Posted by ChuckCoupland (Member # 67) on :
 
aguy ask me to paint some golf torni signs.. I did odd jobs whileworking 3 jobs.. I had 4 kids.. So I said I could, when I really did not have a clue..first job was 200 signs that I hand drew and painted with one shot. .. One thing lead to another.. bought a trailers worked out of that a little, then rented a 1200 sq ft hole in the wall for 5 years...learned as I went,, fast forward to now.. Own my own place 5200 sq feet 10 offices and a big wrehouse, 6 employees, gearing up to build nest door another shop. have to work from 9am till most of the time 12 midnight.. do not regret any of it.. I love my job.....I only work one job now...but I think the business now owns me..LOL
 
Posted by Mark Tucker (Member # 6461) on :
 
Bumping for more great stories! [Smile]
 
Posted by Serge (Member # 3645) on :
 
My ex's were responsible for me getting into the Sign Business.
"Behind every sucessful man is a very surprised woman"
[Smile]
 
Posted by Nancie W. Phillips (Member # 3484) on :
 
Someone saw me doing calligraphy in high school...
 
Posted by Jason Davie (Member # 2172) on :
 
Somebody told me-- Its so easy a caveman could do it, So I started making signs..
 
Posted by Kathy Lowry (Member # 7353) on :
 
An ad in the local paper for businesses for sale in 1991. I didn't jump into the sign business unkowningly. I had 10 years of printshop experience...everything from customer service to layout and design. It was different but not that different. I just wish when I was in college I had majored in an art curriculum. But as I tell some of my customers when they see me weeding and working on customer logos...hey! why did I need a college degree to do this, I'm utilizing my kindergarten cut and paste skills!
 
Posted by Jackson Smart (Member # 187) on :
 
Great stories....

I just sort of fell into this gig.
....of course this is the condensed version....
I was working for a retirement complex as a maintenance supervisor. We had a billboard in town that was worn out. So I brought it in to the shop and started to clean it up. About this time a friend from my past life came up here with her daughter to escape her crazy ex-husband. She had worked at a sign shop before, so I asked her to help me out on this billboard I was working on.
She said sure. I watched in total amazement as she lettered the sign with these long brushes. Of course I had to try this out myself. I was hooked. It was all I could think about. About this time, the manager was fired for embezzelment and I had to work for the homeowners association. That didn't last long...they were all retired folks that didn't really have any idea about running a retirement complex. Enough for me...adios.
I suggested to my friend Brenda (the sign painter) that perhaps we could open a business doing signs? She agreed and off we went. Jackson's Signs was officially born. Now...remember, I didn't know squat about signs but was more than willing to learn if she would stay and teach me. She agreed..again. We started out in my basement...me out selling and fabricating...she lettering. I started out with 500 business cards and some brochures...and hit the streets. What a learning curve that was. We moved from the basement to a garage. We stayed there for 6 months and soon grew out of that. I found a very cool place right down on the harbor...it was an old carraige house that had been upgraded. It looked right out on the water. It was built in 1896. It had some real history to it....it had it's own resident ghost! The perfect place to really start doing some signs. Well...Brenda stayed for a year. I learned as much as I could from her about lettering. When she left....I was lost. I remember standing at the easel with a brush in my hand....looking at several signs with a lot of copy...thinking to myself... how in the hell am I ever going to be able to do this...when all of a sudden it hit me..."jackson, you know you can do this"! I did it. The paint just flowed off the end of that brush like I had been doing it all my life. What a moment.

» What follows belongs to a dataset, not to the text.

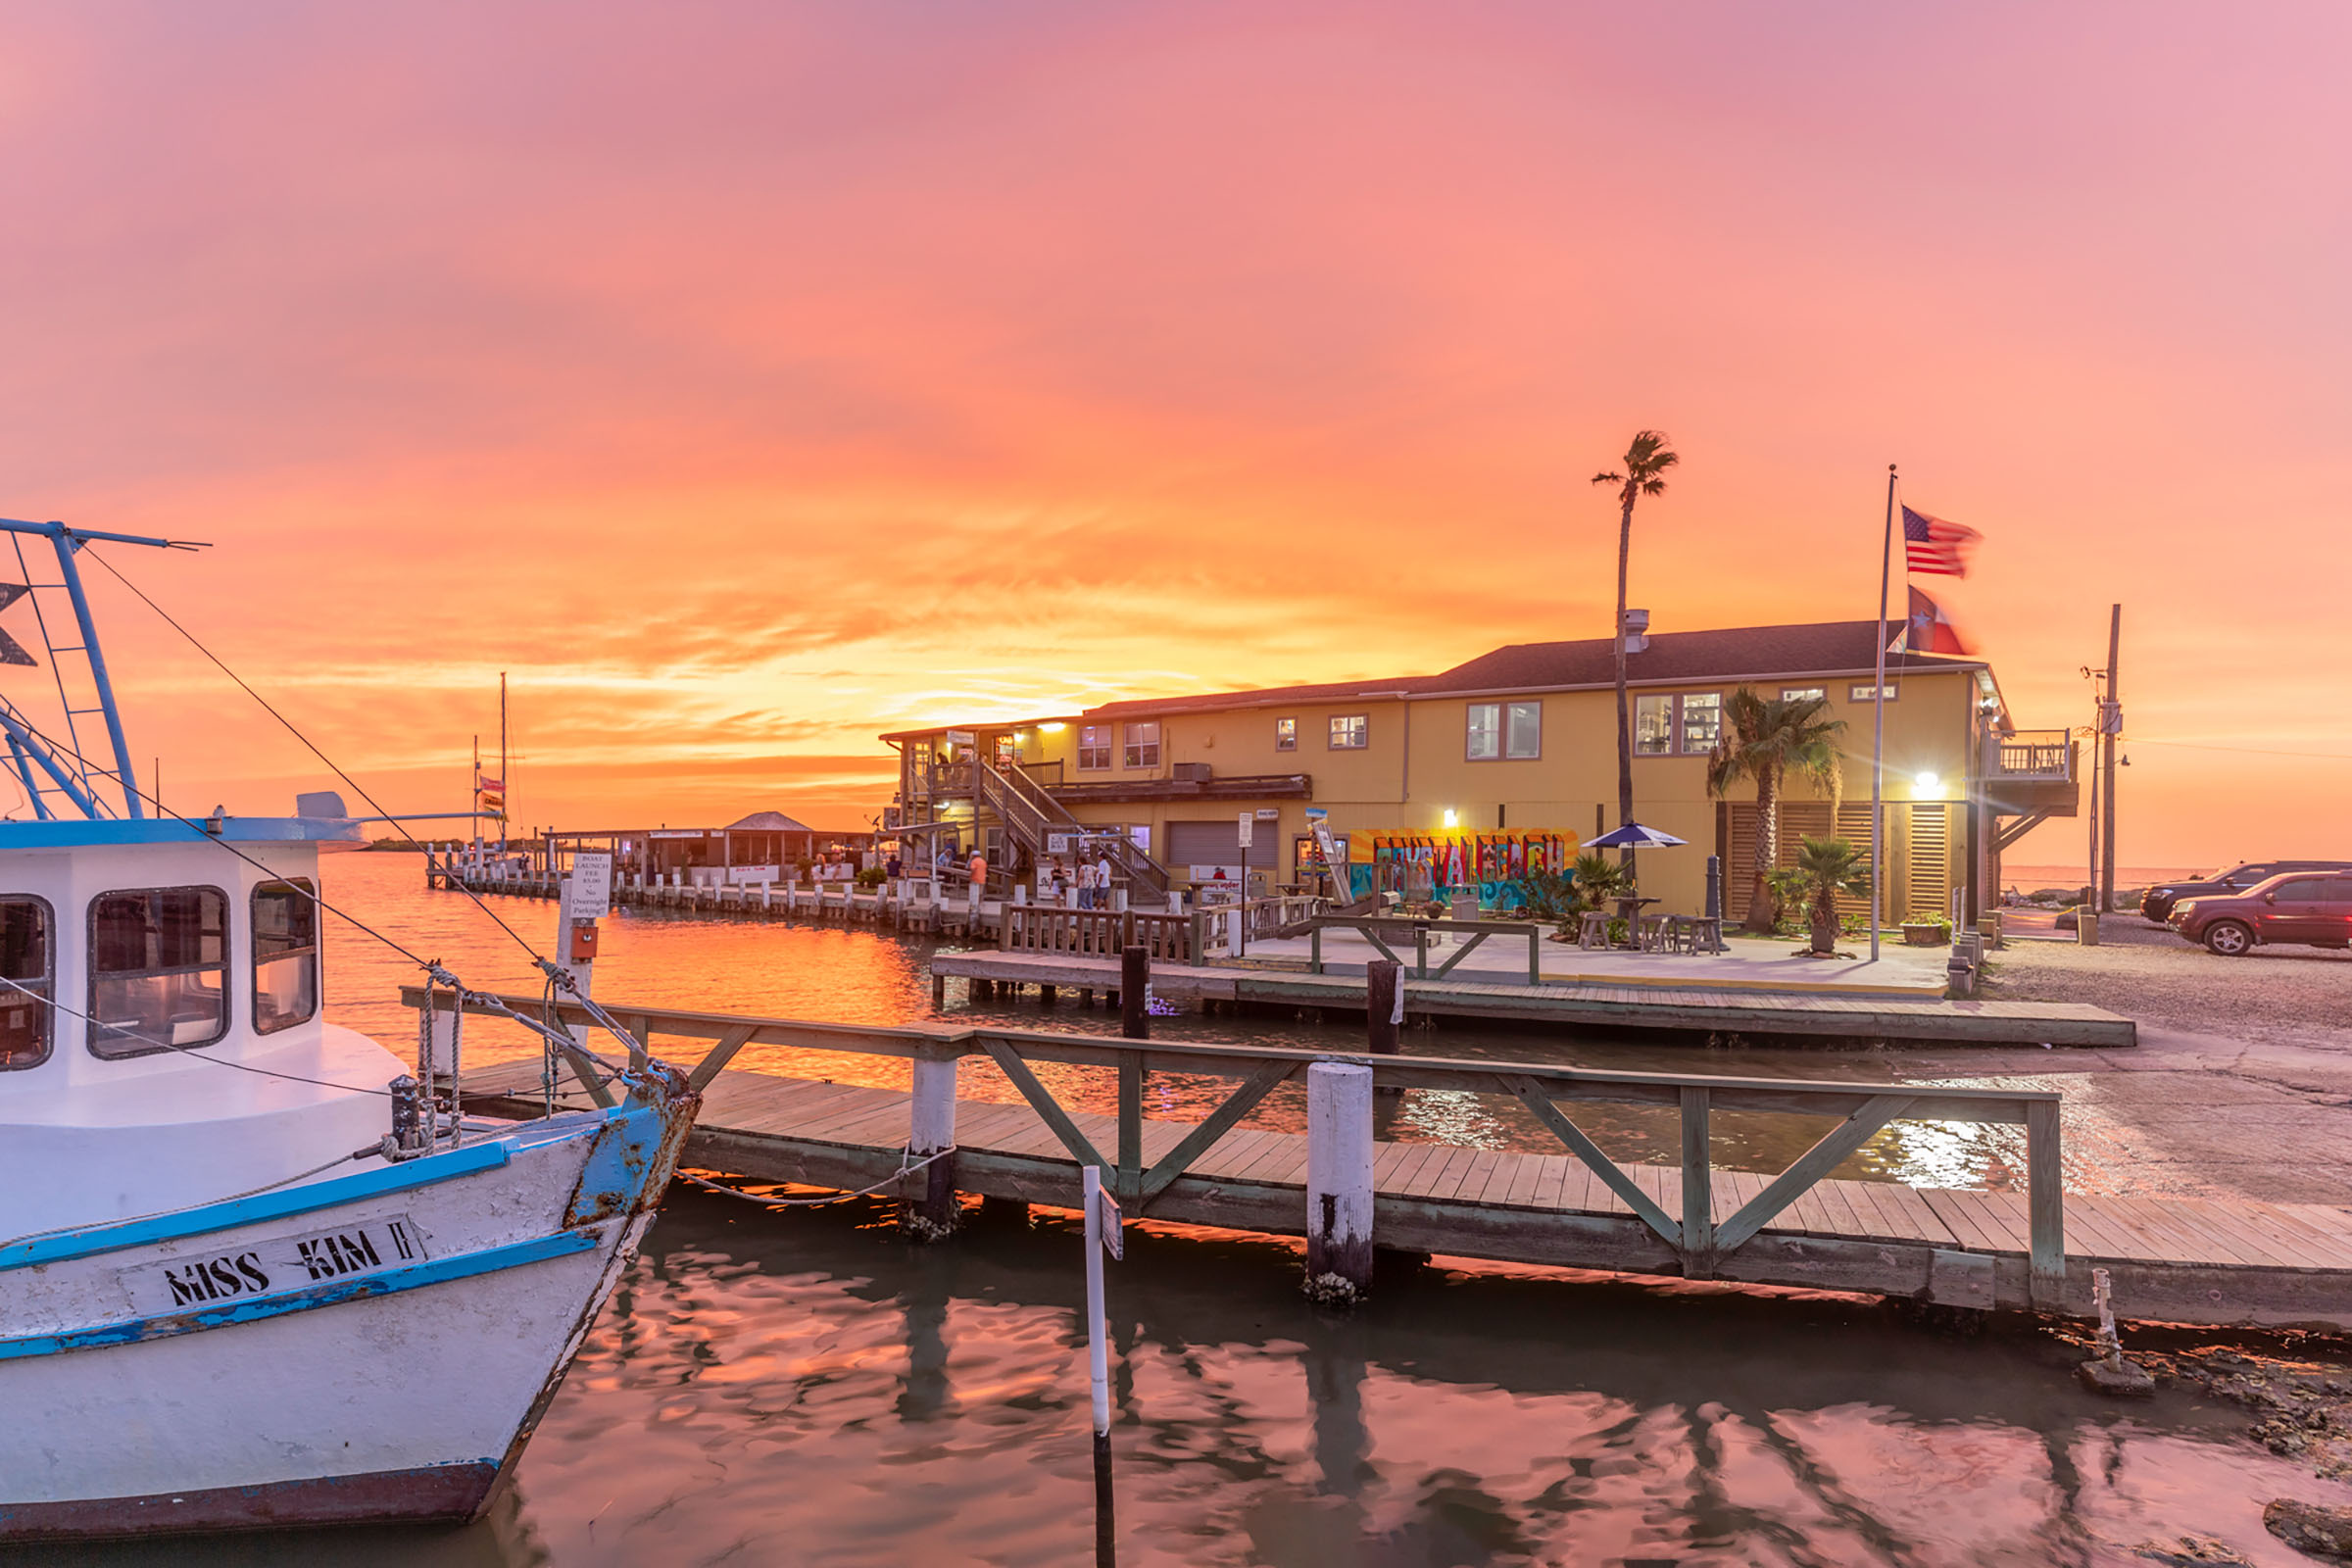 A wide shot of a building and boat on the water with a sunset in the background

I have never looked back. I stayed at the carraige house for 6 years. One of the best things I did was to get involved in my community.
It is a fact that what ever you give to your community...your community gives back tenfold to you. My wife Dianne has supported me in this venture...without her I would have given up years ago. It was several years of making just enough to survive...we still had 2 kids in school. We made it thru that time by all of us supporting each other. I remember several years of having just some pocket change...that was it.

Now we have a great place outside of town. A 1200 sq. ft. two story shop and a house on an acre of land with a mountain view that takes your breath away. Dianne came to work with me 11 years ago. We now do custom work that WE want to do and turn the rest away. We don't really work too hard...we play a lot and live a great life. Life is good. I wouldn't change anything. Success is the nature of your journey...not the end result. I have been at this gig for 22 years. I reckon I will die here....then someone else will have a turn.